Getting stuck with a dishonest advisor could mean losing much of your hard-earned money to fees and exposing yourself to more risk than you’re comfortable taking on. Thankfully, there are plenty of financial advisors who operate with integrity. Here are five positive signs to look out for.
Your advisor talks openly about risk
Most investments come with a degree of risk, and it’s almost always the case that the higher the risk, the higher the reward. Any advisor who tries to downplay the risks associated with investing is effectively doing wrong by his clients. A good advisor will not only talk about risk, but run numbers showing you what you stand to gain and lose in different market scenarios.
You understand what fees you’re paying
Financial advisors have to make money, and they can do that in several ways. Some earn commissions based on the investments they sell. Others earn a fee that’s calculated as a percentage of assets under management. There are also those advisors who take a hybrid approach. Many people prefer fee-based advisors because their fees are somewhat linked to their accounts’ performance – when you do well, your advisor does well, and everybody wins.
Some commission-based advisors may push investments with higher commissions. But in reality, it almost doesn’t matter what your advisor’s compensation structure is as long as he or she is completely open and honest about it. If you’re well-aware of how much you’re paying your advisor, it means you’re dealing with someone who believes in transparency.
Your advisor tries to educate you
Some advisors tend to throw around buzzwords and investment speak, partly to show off, and partly to come across as experts. Those people may very well be experts, but that doesn’t make them trustworthy. A good advisor won’t just try to sell you a certain stock or mutual fund, but will explain your options in detail and encourage you to learn more about what each one entails.
Your advisor asks to meet regularly
When it comes to your portfolio, the last thing you want to do is set it and forget it. But some advisors have a tendency to meet with their clients only when they have new investments to push, or are looking to talk their clients into investing more money. A trustworthy advisor proactively invites you to discuss your investments, review performance, and talk through any concerns.
Your advisor cares about your goals
There’s no one-size-fits-all approach to investing, nor is there some magic universal savings target you should aim to have reached by a certain age. Your advisor’s job is to take the time to understand your personal goals and craft a financial plan that works to achieve them. If your advisor seems cognizant of these goals when making recommendations, it’s a sign that he or she is not only listening, but working with your best interests in mind.

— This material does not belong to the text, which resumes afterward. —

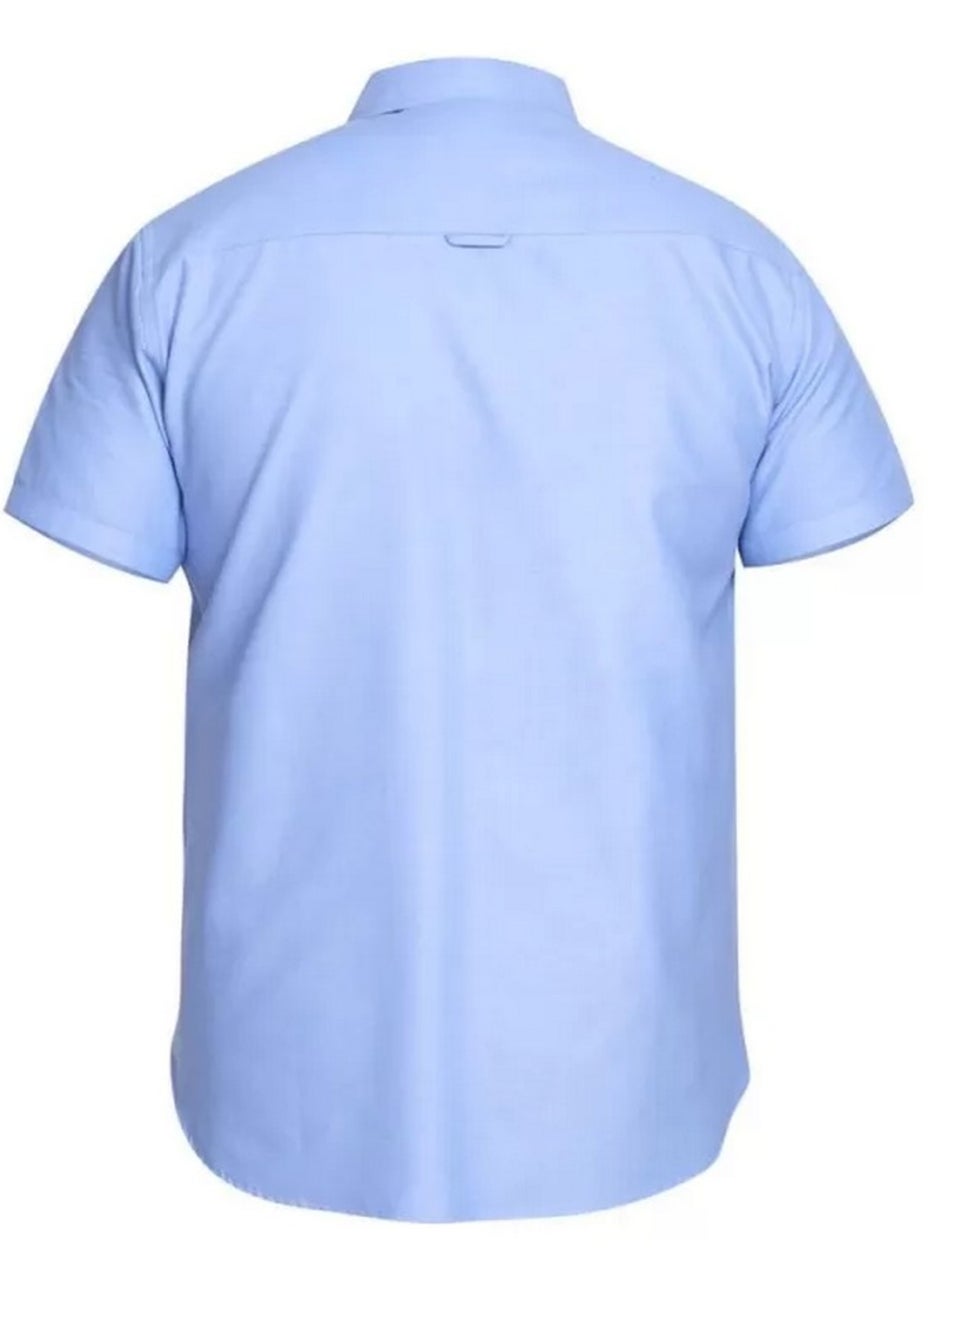 Duke Sky Blue James Oxford Kingsize Short-Sleeved Shirt

Ideally, your financial advisor will be someone you turn to for guidance throughout various stages of your life. If something about your advisor just doesn’t seem right, or you’re not comfortable voicing your concerns about your assets’ performance, you shouldn’t hesitate to make a change. After all, to an extent, your financial future is in your advisor’s hands, and you deserve to feel 100 percent comfortable that you’ve found the right person for the job.